Synthetic Data for Discriminating Serotonergic Neurons using Convolutional Neural Networks
Daniele Corradetti, Alessandro Bernardi, Renato Corradetti
TL;DR
This work tackles the challenge of identifying serotonergic neurons, including atypical cells, from electrophysiological recordings where conventional visual criteria are insufficient. It introduces a synthetic data augmentation pipeline that smooths real spike waveforms and fuses them with diverse real noise masks to expand training data for CNN classifiers. A CNN ensemble trained on these synthetic samples achieves strong generalization to non-homogeneous data (e.g., accuracy ~0.94, TPR ~0.962, TNR ~0.888, AUC ~0.926), and a practical case is provided with open-source code. The approach provides a scalable, real-time capable tool for serotonergic neuron identification, with future work pointing to GAN-based augmentation and broader species/dataset applicability.
Abstract
Serotonergic neurons in the raphe nuclei exhibit diverse electrophysiological properties and functional roles, yet conventional identification methods rely on restrictive criteria that likely overlook atypical serotonergic cells.
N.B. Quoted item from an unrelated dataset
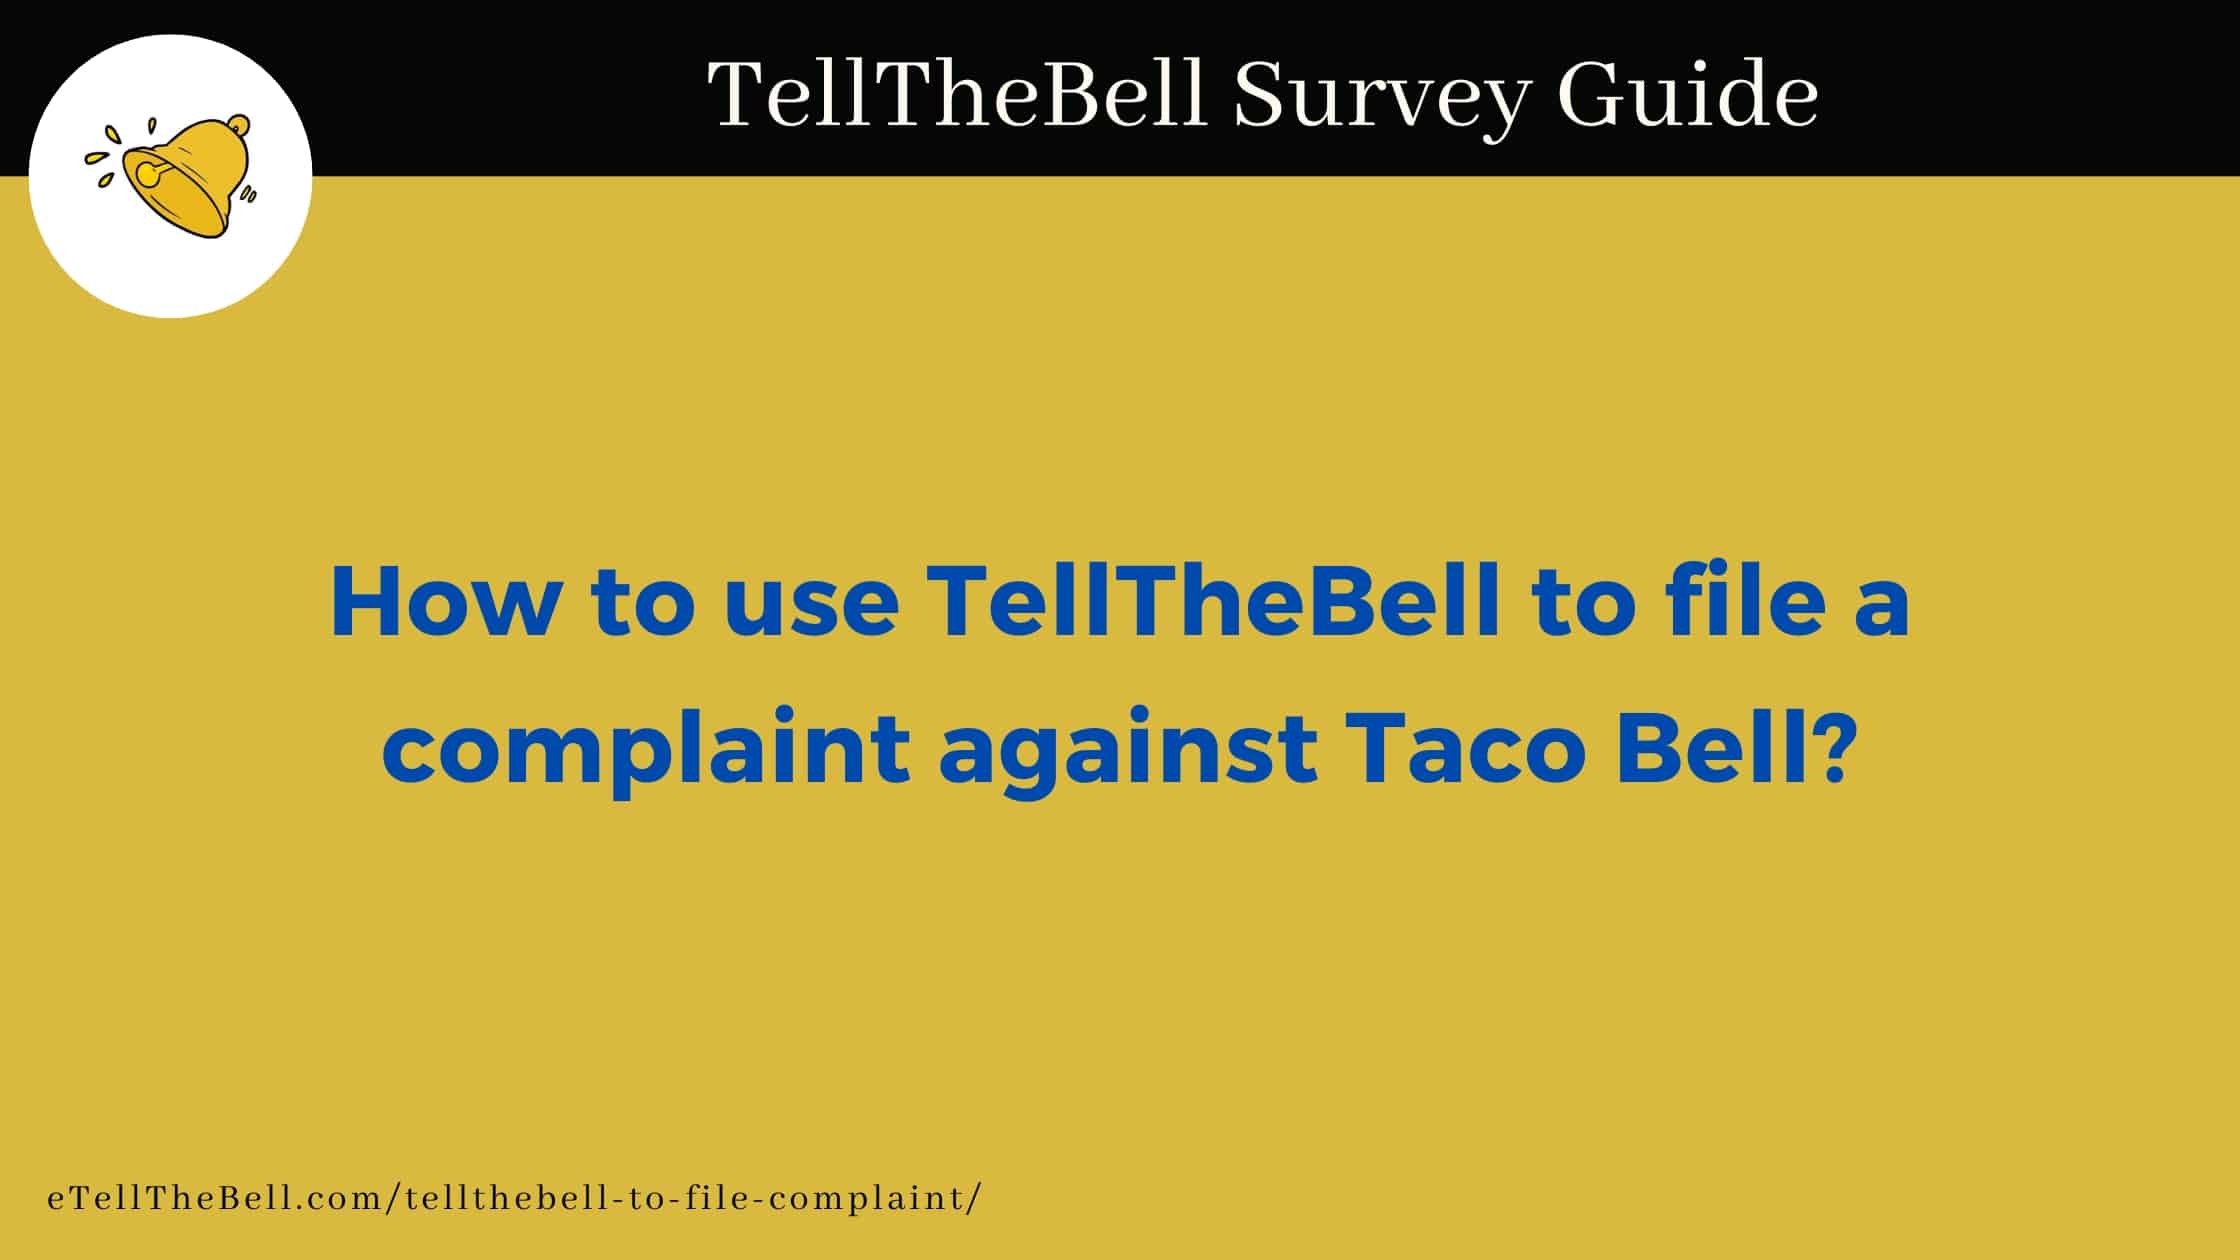 How to use TellTheBell to file a complaint against Taco Bell
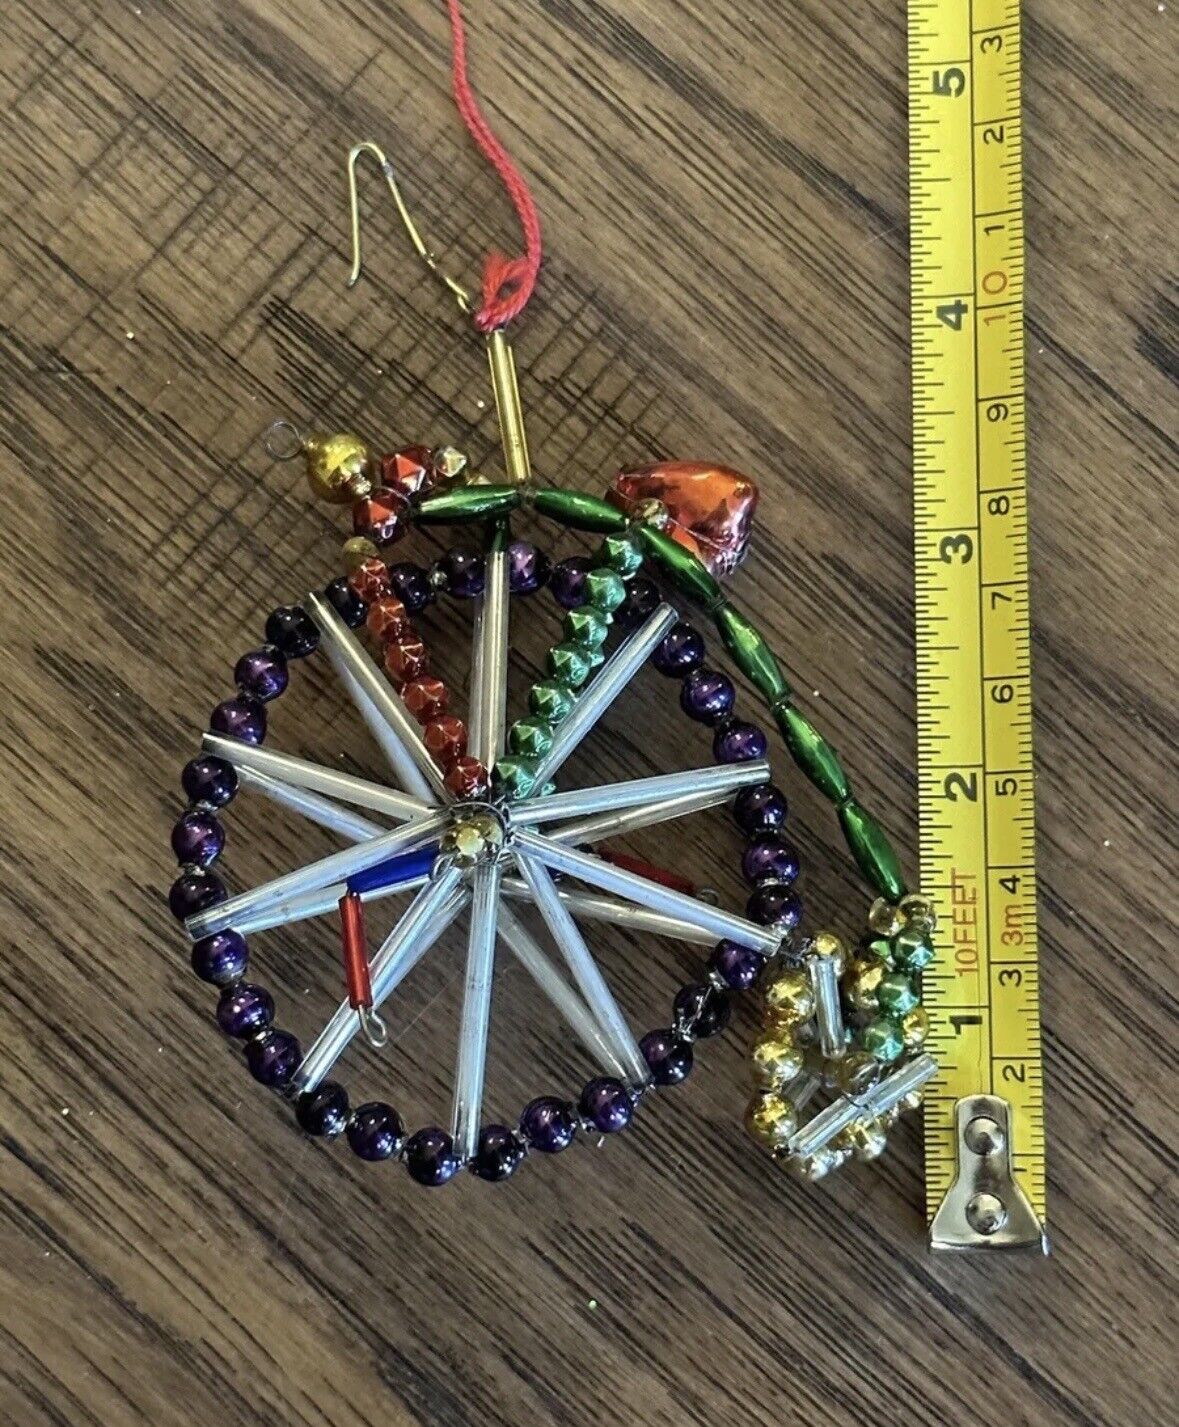 Christopher Radko Unicycle Bicycle Beaded Christmas Ornament Build For One

The use of convolutional neural network (CNN) for comprehensive classification of both typical and atypical serotonergic neurons is an interesting one, but the key challenge is often given by the limited experimental data available for training. This study presents a procedure for synthetic data generation that combines smoothed spike waveforms with heterogeneous noise masks from real recordings. This approach expanded the training set while mitigating overfitting of background noise signatures. CNN models trained on the augmented dataset achieved high accuracy (96.2% true positive rate, 88.8% true negative rate) on non-homogeneous test data collected under different experimental conditions than the training, validation and testing data.